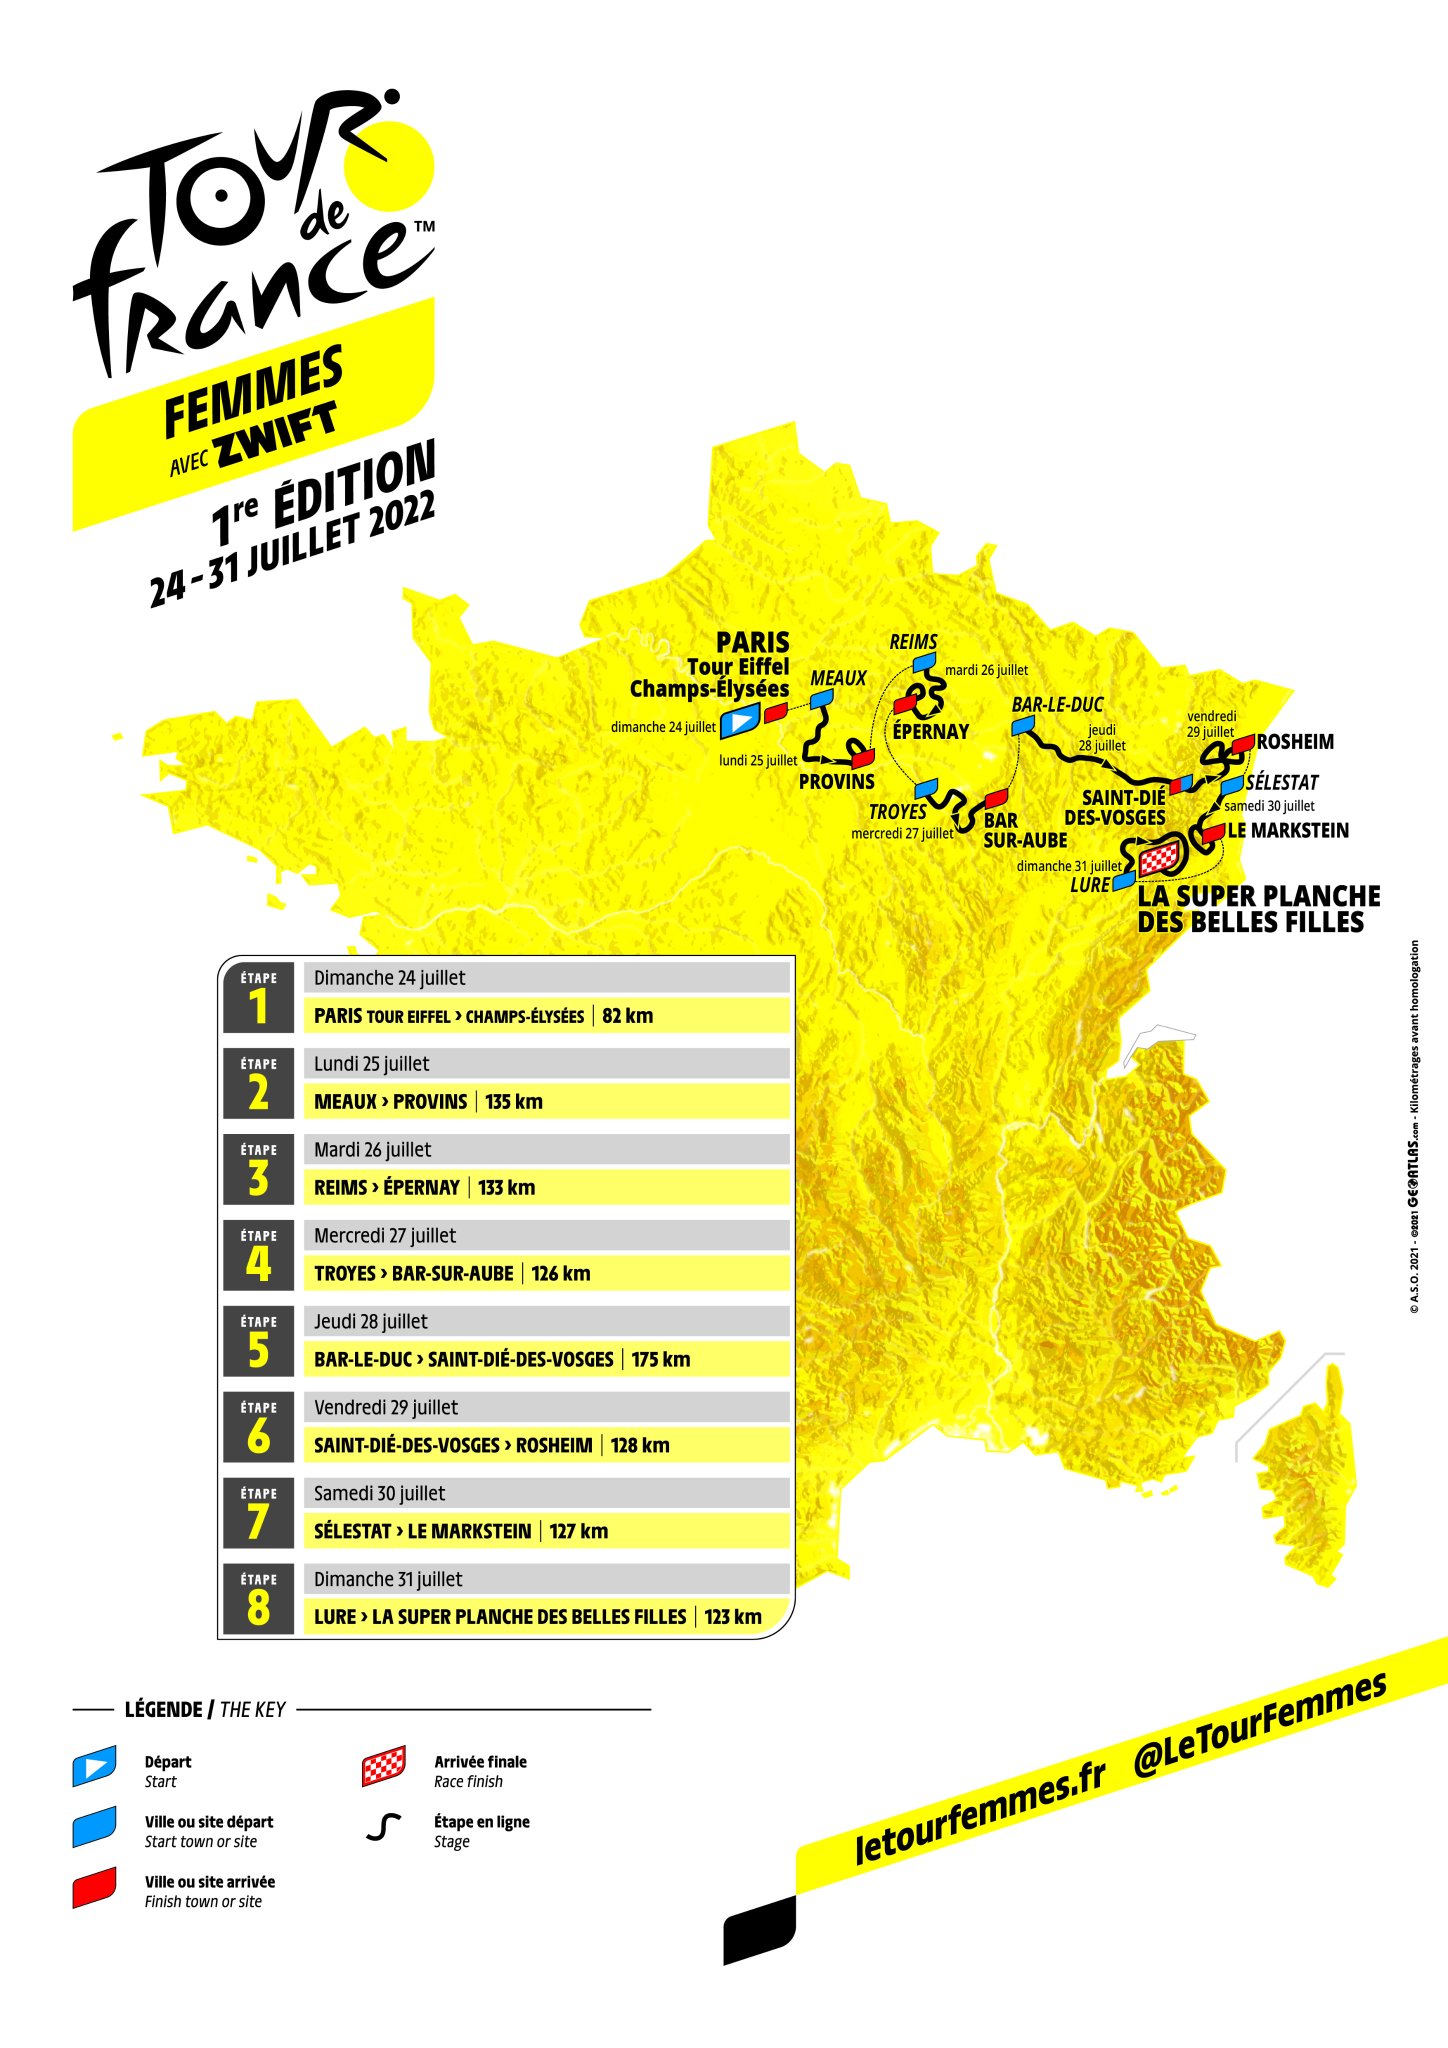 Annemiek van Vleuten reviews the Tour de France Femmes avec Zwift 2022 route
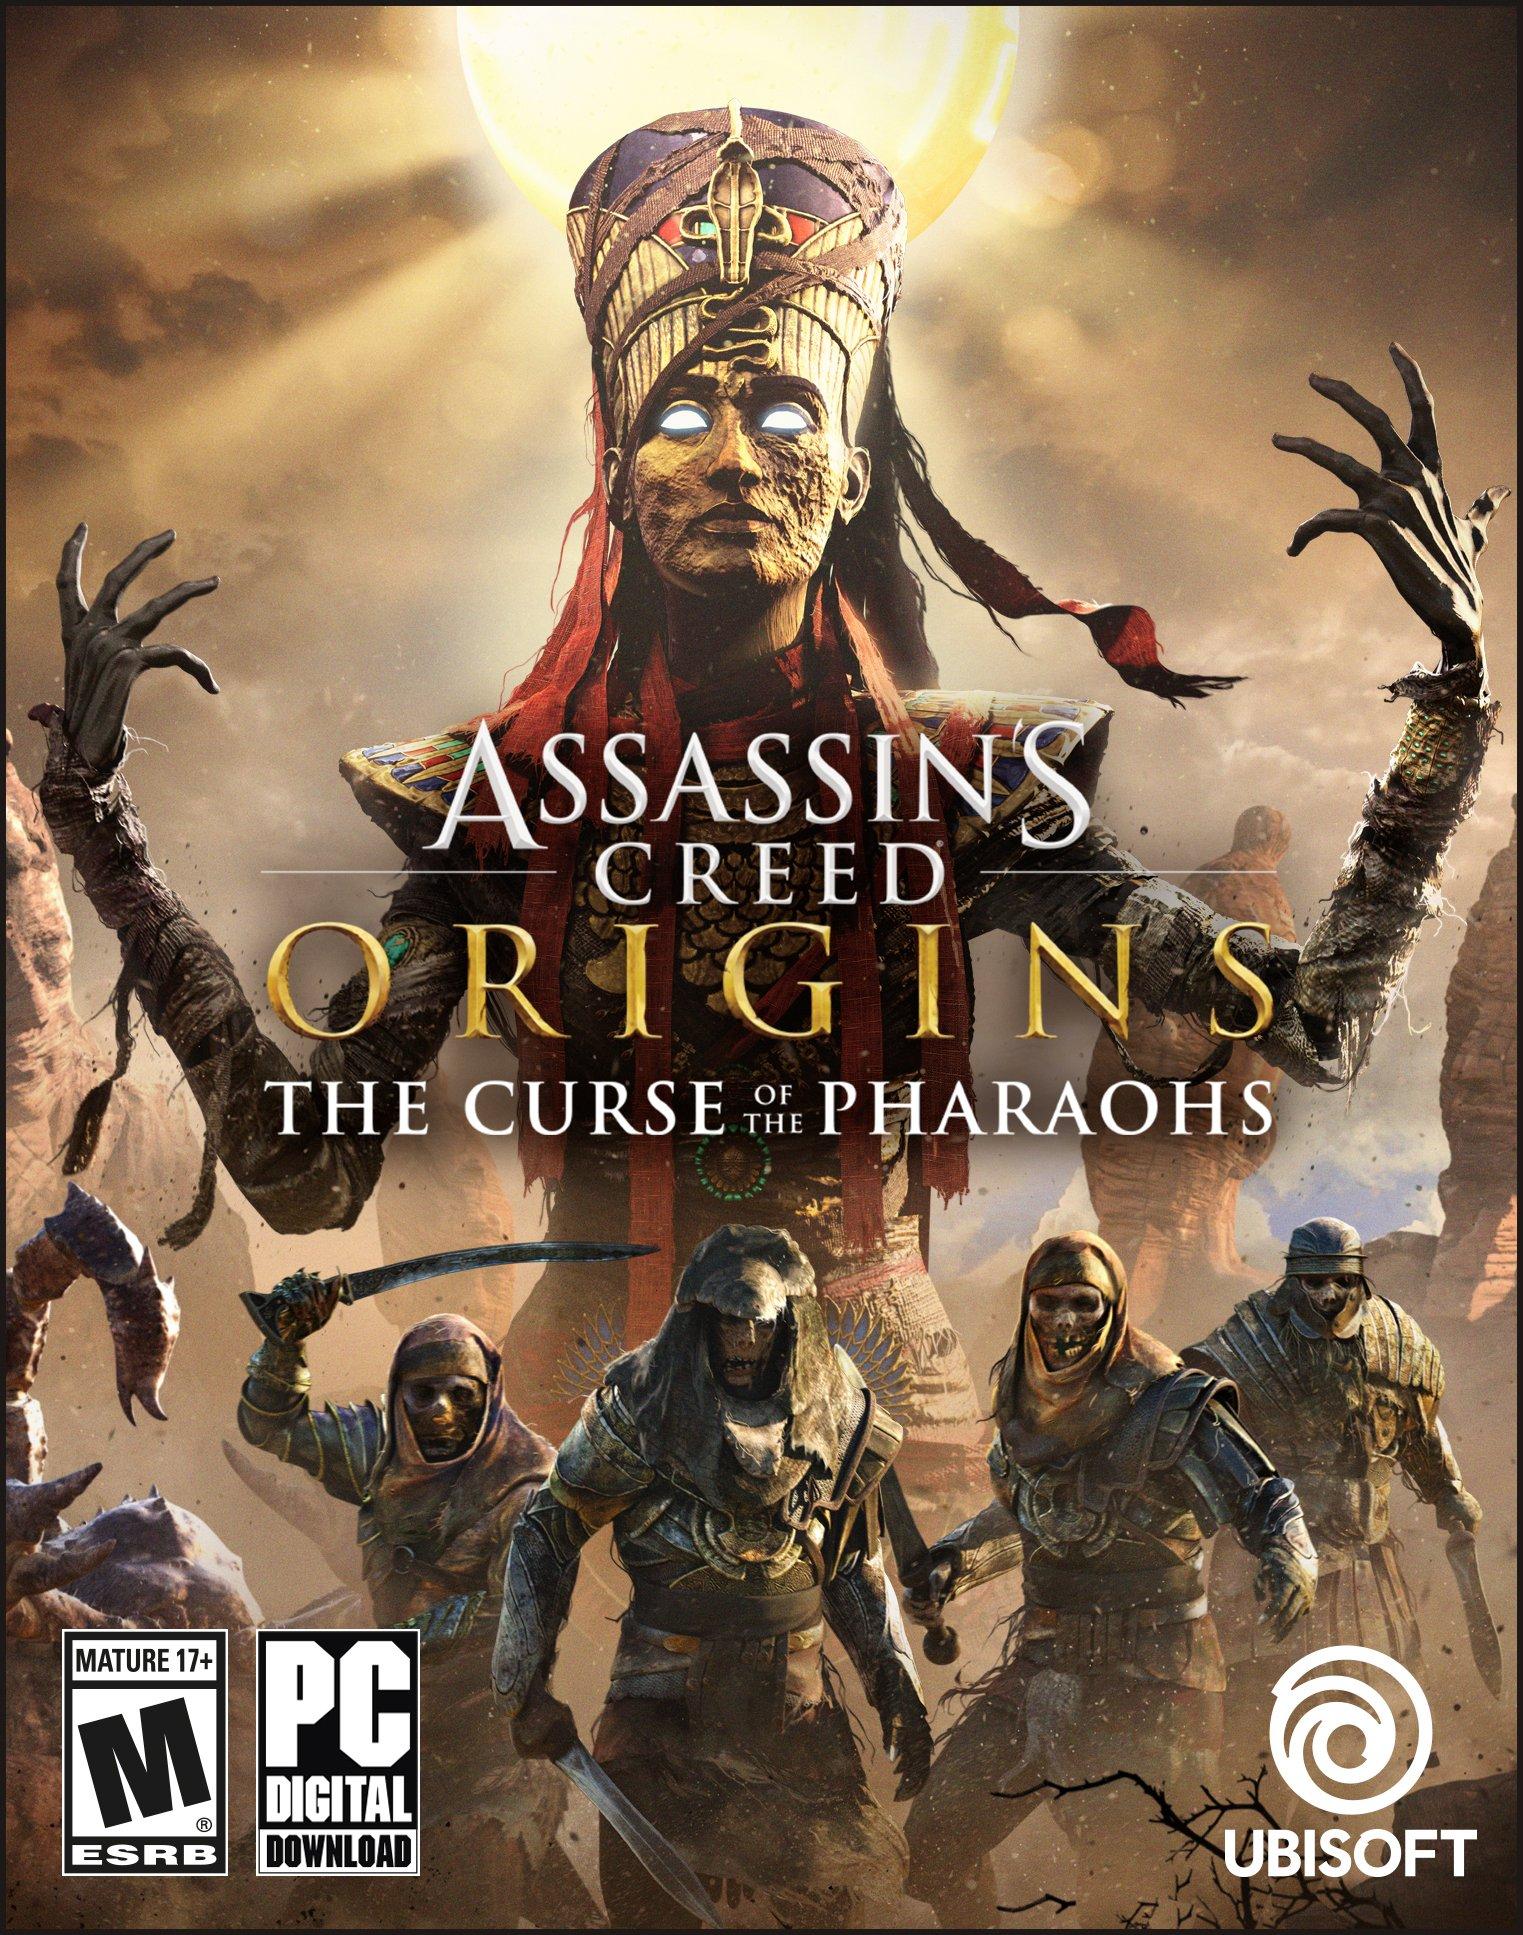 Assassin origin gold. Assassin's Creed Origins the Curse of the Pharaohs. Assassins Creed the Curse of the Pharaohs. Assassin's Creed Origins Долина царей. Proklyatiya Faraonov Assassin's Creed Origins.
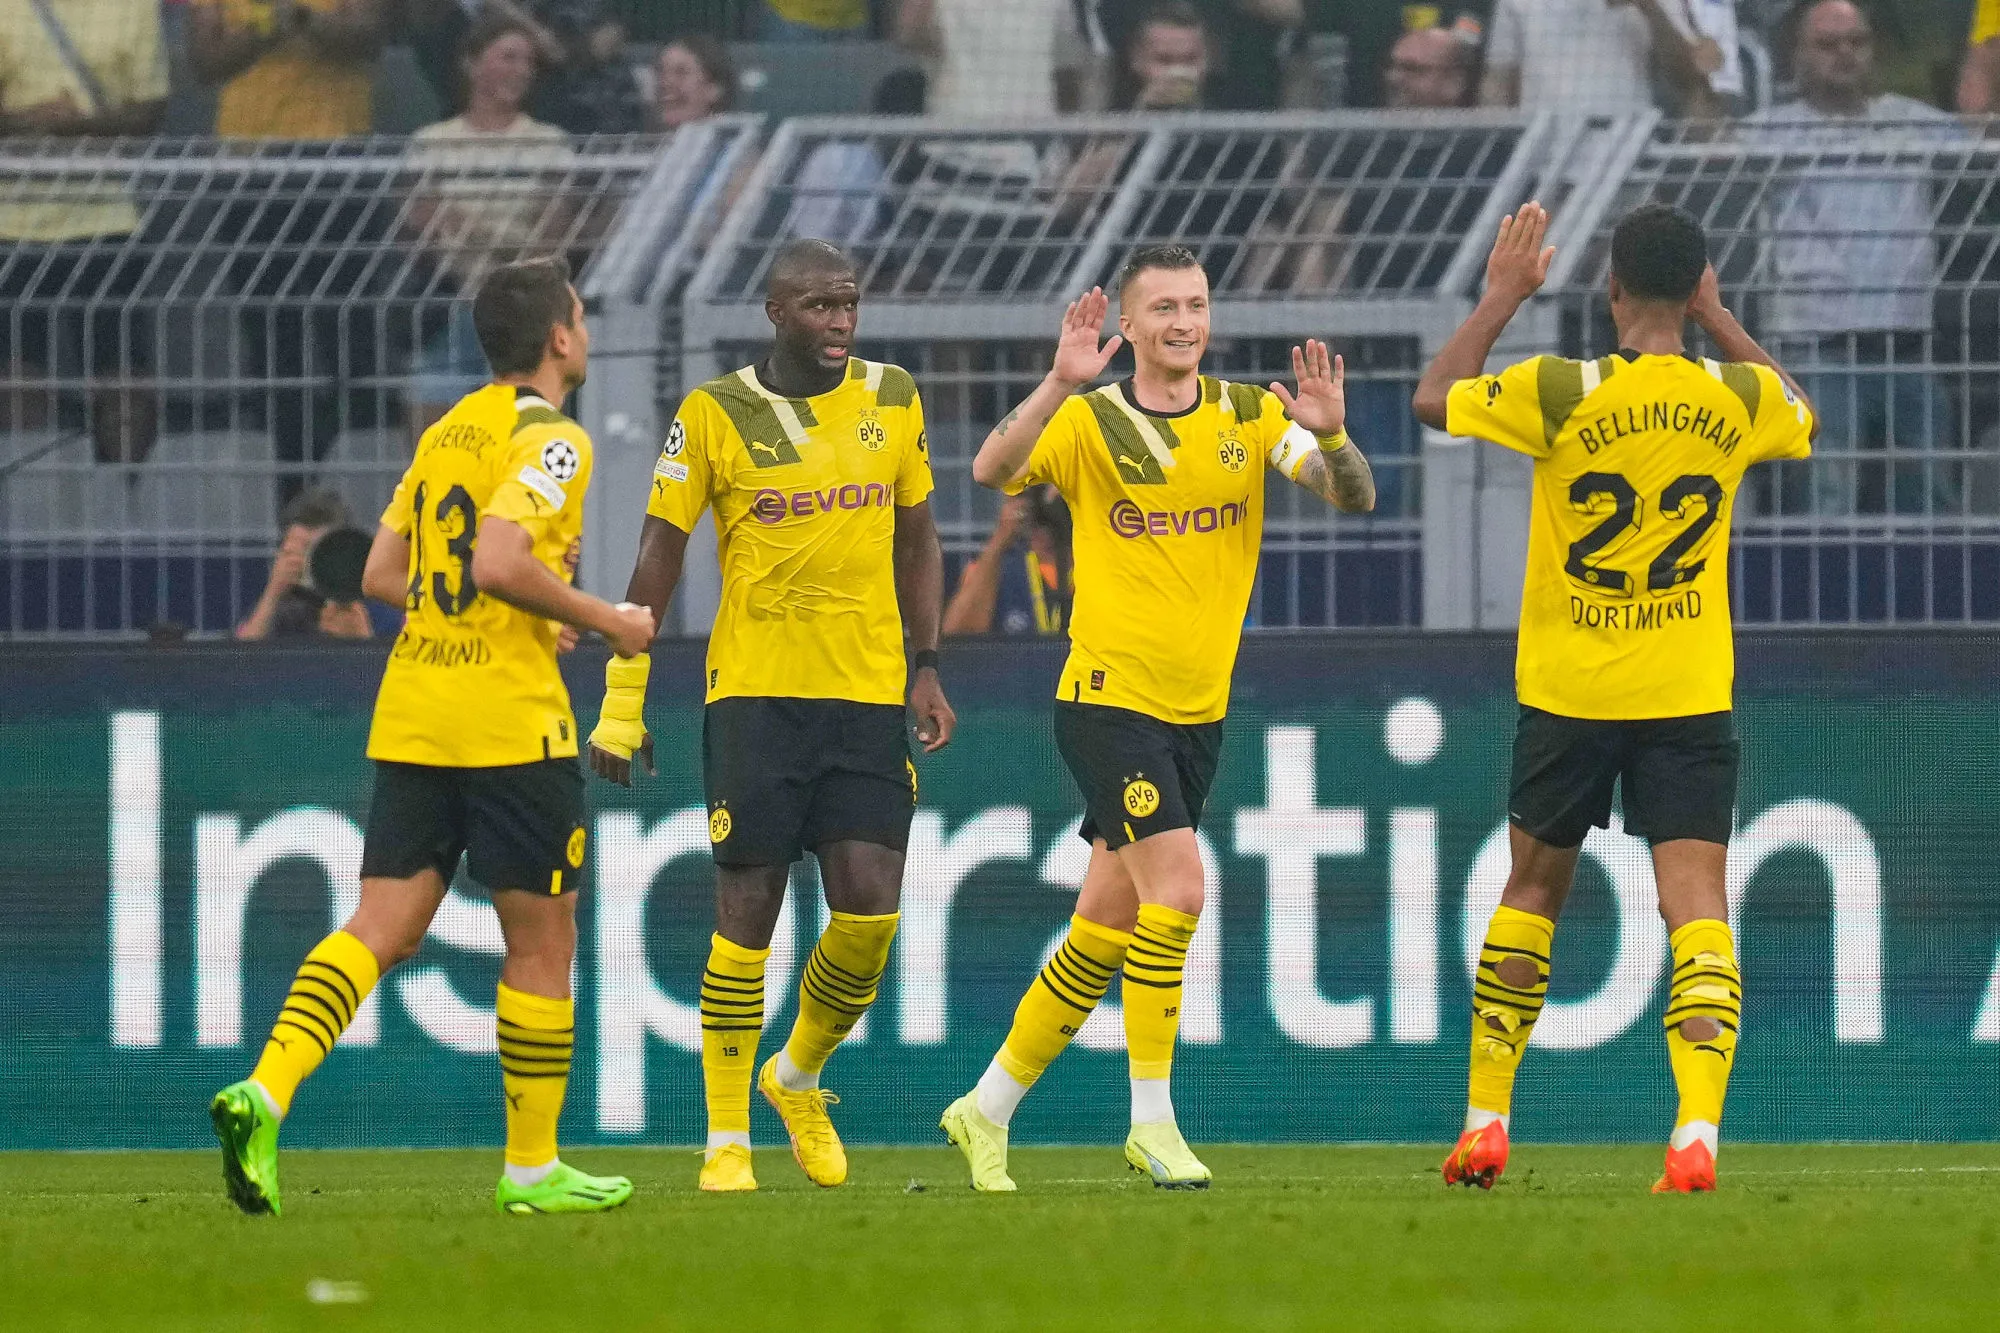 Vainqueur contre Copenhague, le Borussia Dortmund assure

### WHAT IS REQUIRED
The line containing "Assassin origin gold." marks the start: set down exactly that line and every line after it through the last line of the data, without any pictures.

### OUTPUT OF THE TASK
 Assassin origin gold. Assassin's Creed Origins the Curse of the Pharaohs. Assassins Creed the Curse of the Pharaohs. Assassin's Creed Origins Долина царей. Proklyatiya Faraonov Assassin's Creed Origins.
 Vainqueur contre Copenhague, le Borussia Dortmund assure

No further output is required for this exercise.